Work to be completed:
Leaving out the images, reproduce every line of the data that follows exactly.

Record excerpts:

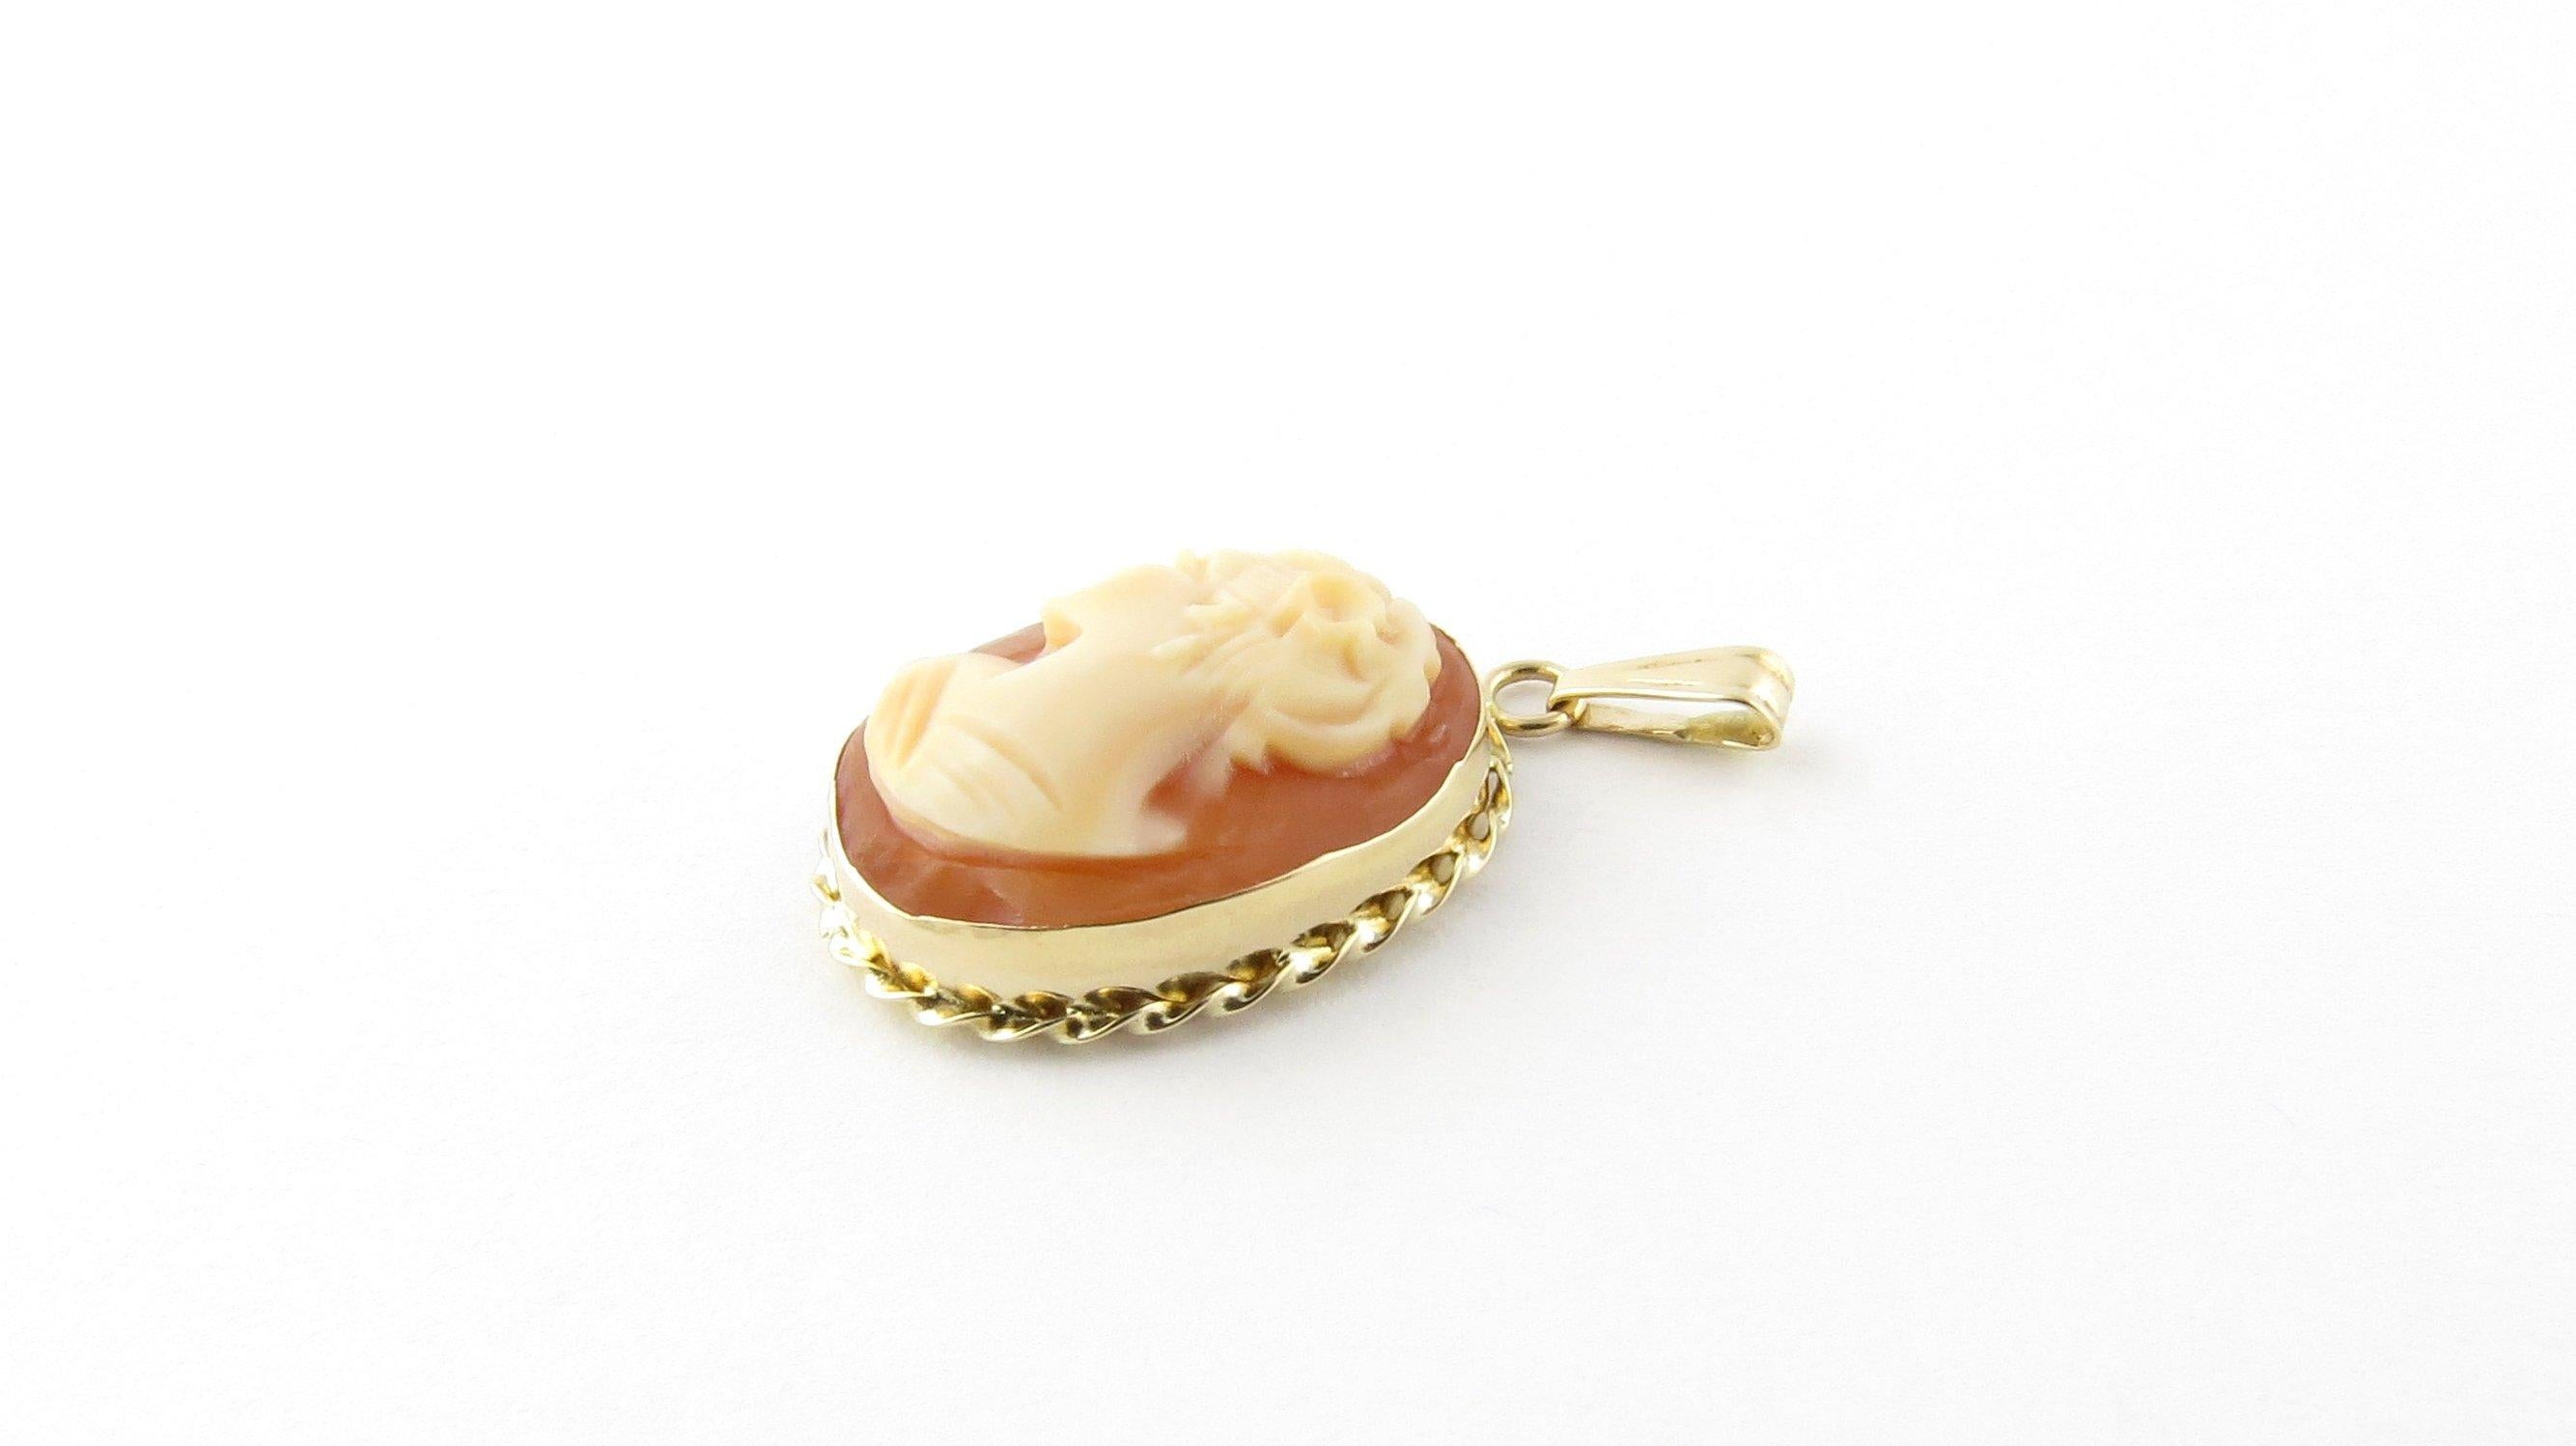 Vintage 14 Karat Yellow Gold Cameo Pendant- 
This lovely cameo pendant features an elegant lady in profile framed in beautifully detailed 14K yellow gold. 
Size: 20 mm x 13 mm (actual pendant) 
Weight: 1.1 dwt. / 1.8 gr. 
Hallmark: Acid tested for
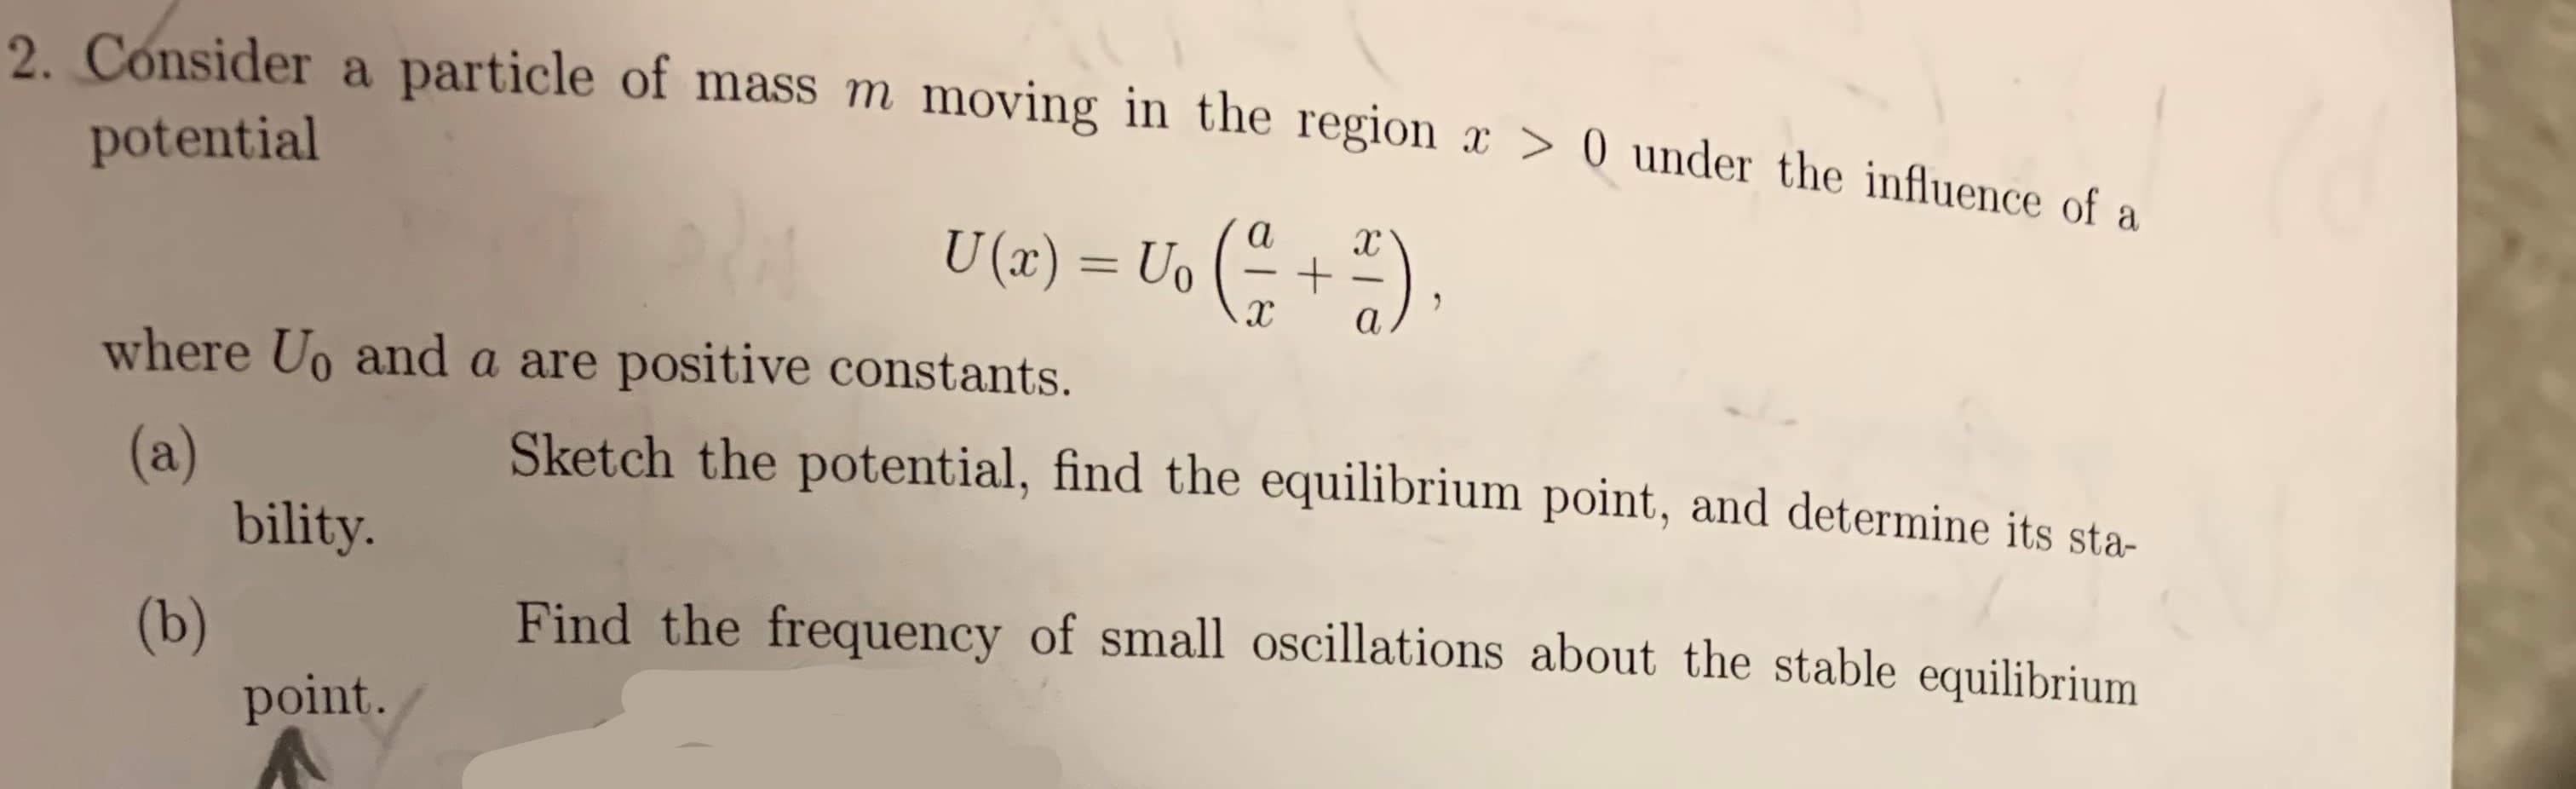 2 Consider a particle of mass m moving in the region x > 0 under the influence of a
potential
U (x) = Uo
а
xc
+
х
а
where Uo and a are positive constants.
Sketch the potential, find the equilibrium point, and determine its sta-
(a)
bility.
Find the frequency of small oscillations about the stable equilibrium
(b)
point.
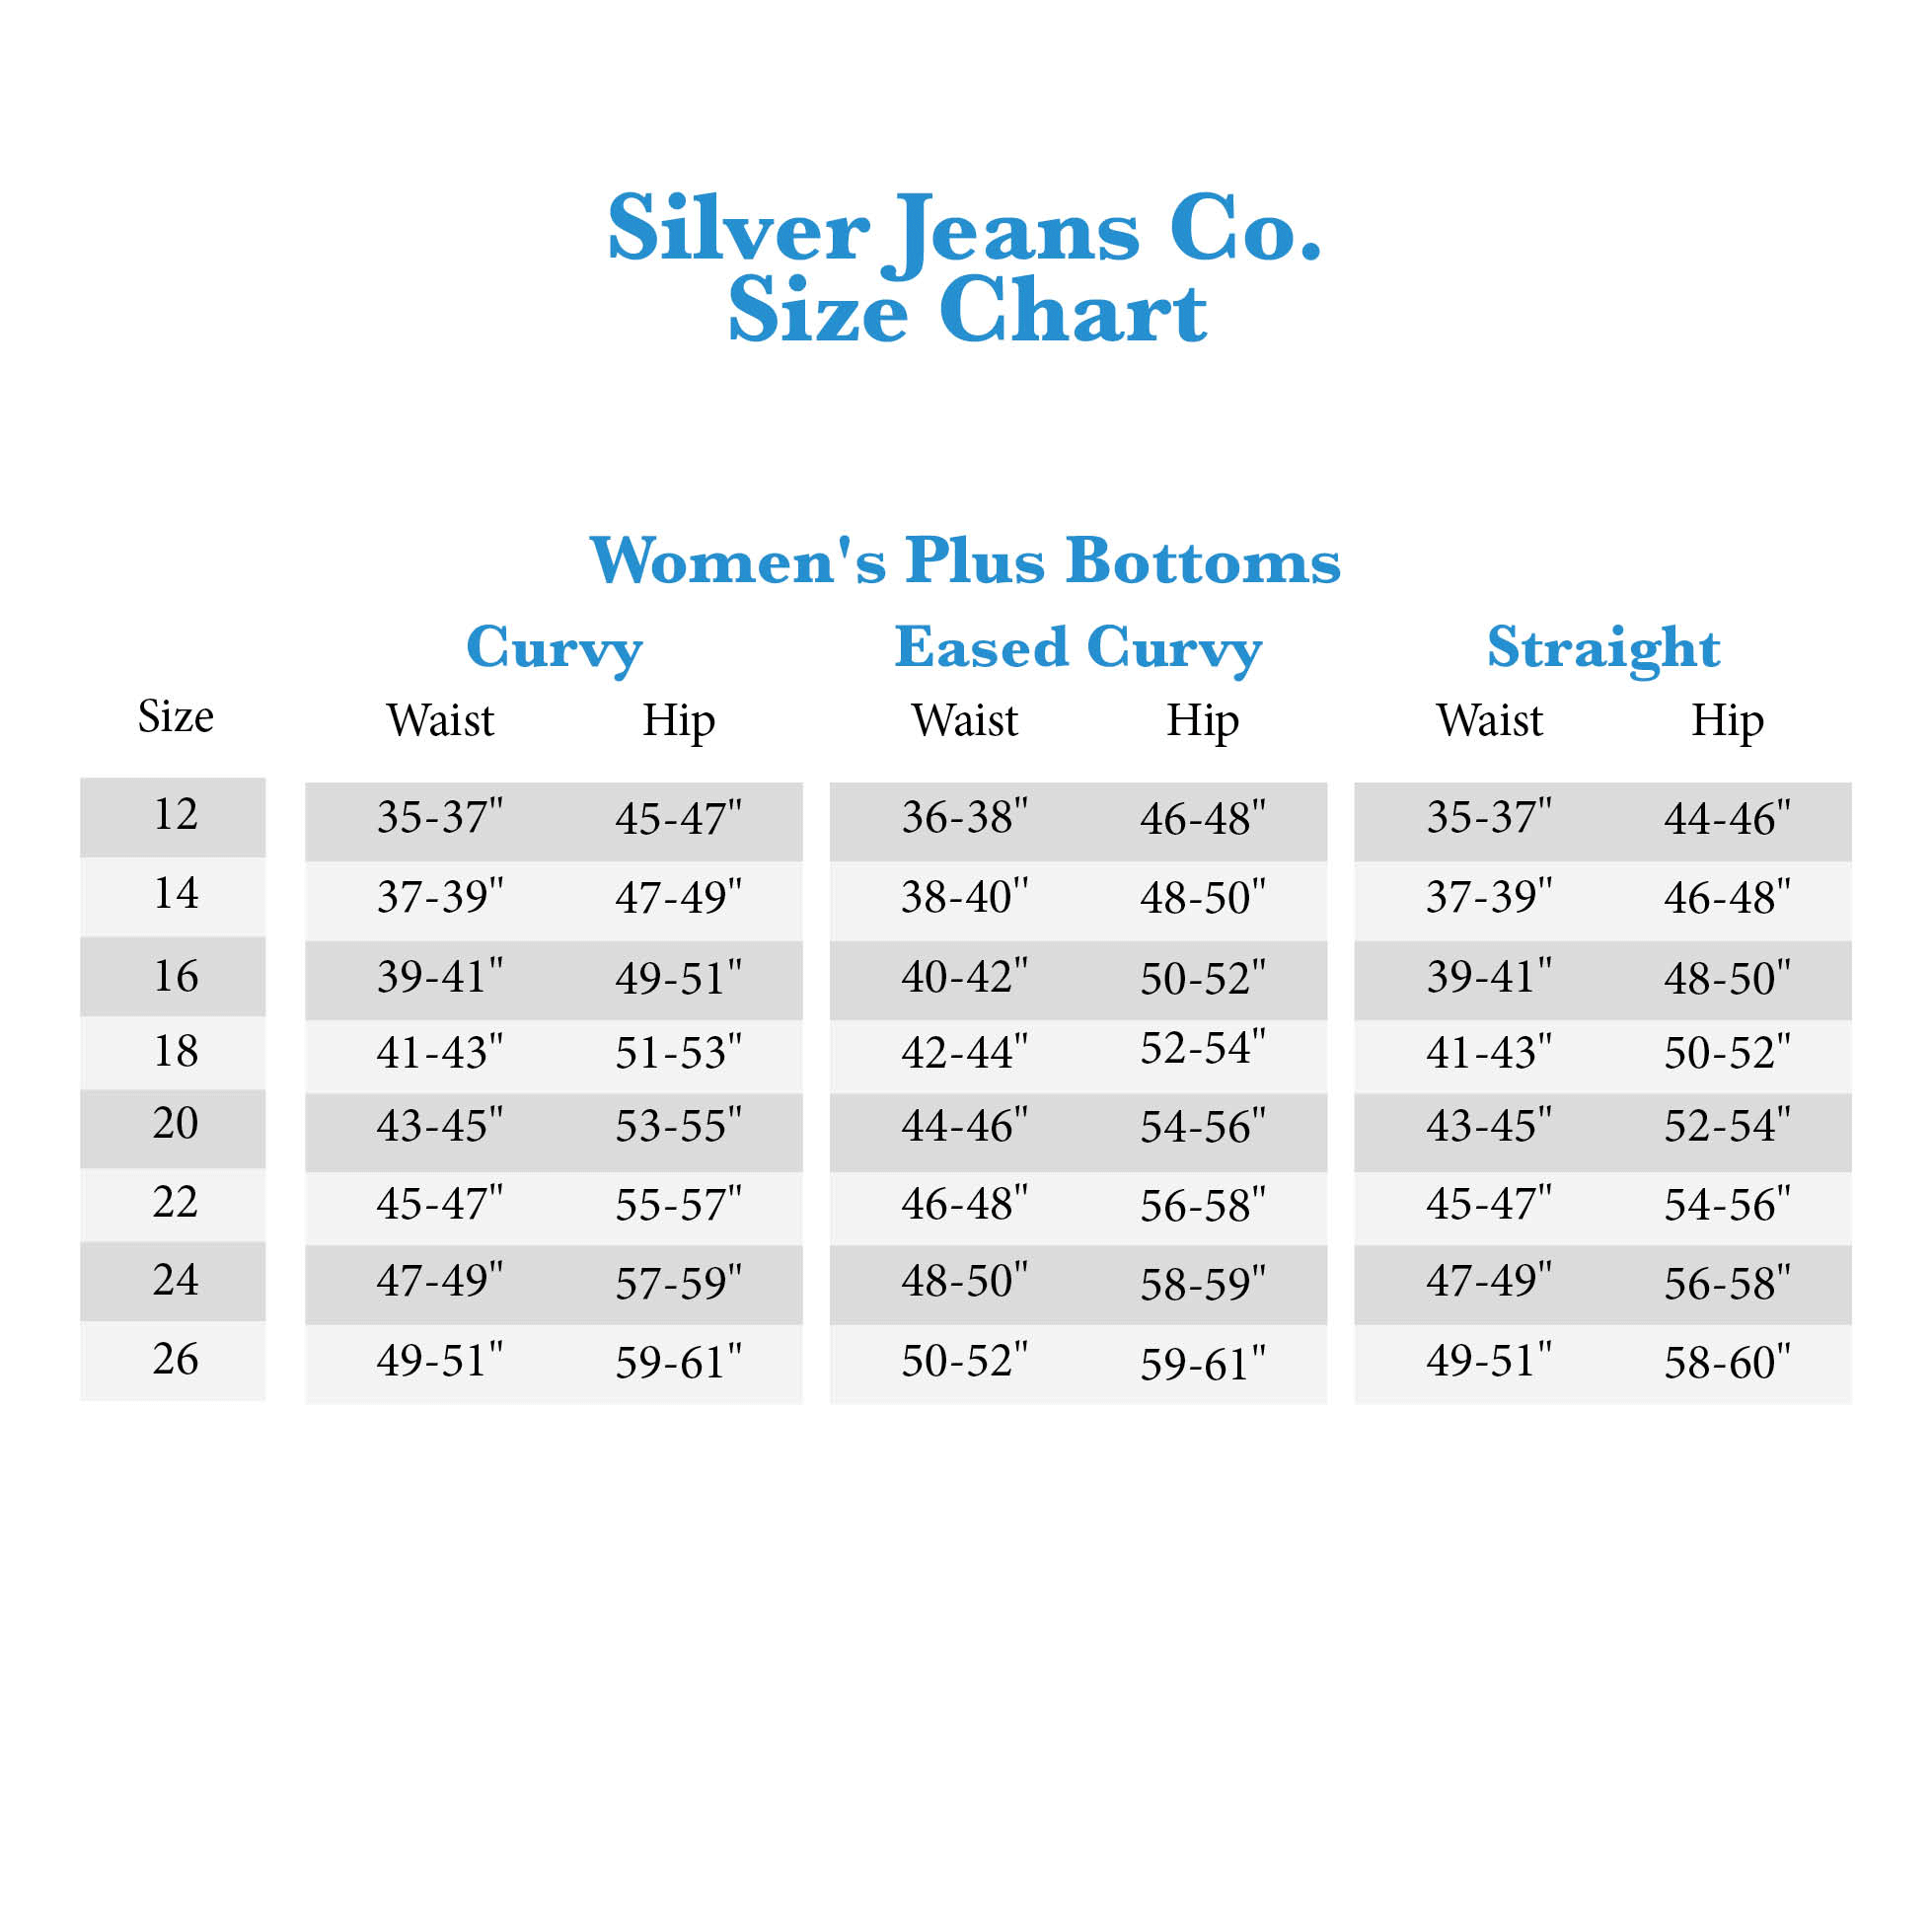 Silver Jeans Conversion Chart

Exercise result:
 Vintage 14 Karat Yellow Gold Cameo Pendant- 
This lovely cameo pendant features an elegant lady in profile framed in beautifully detailed 14K yellow gold. 
Size: 20 mm x 13 mm (actual pendant) 
Weight: 1.1 dwt. / 1.8 gr. 
Hallmark: Acid tested for
 2 Consider a particle of mass m moving in the region x > 0 under the influence of a
potential
U (x) = Uo
а
xc
+
х
а
where Uo and a are positive constants.
Sketch the potential, find the equilibrium point, and determine its sta-
(a)
bility.
Find the frequency of small oscillations about the stable equilibrium
(b)
point.
 Silver Jeans Conversion Chart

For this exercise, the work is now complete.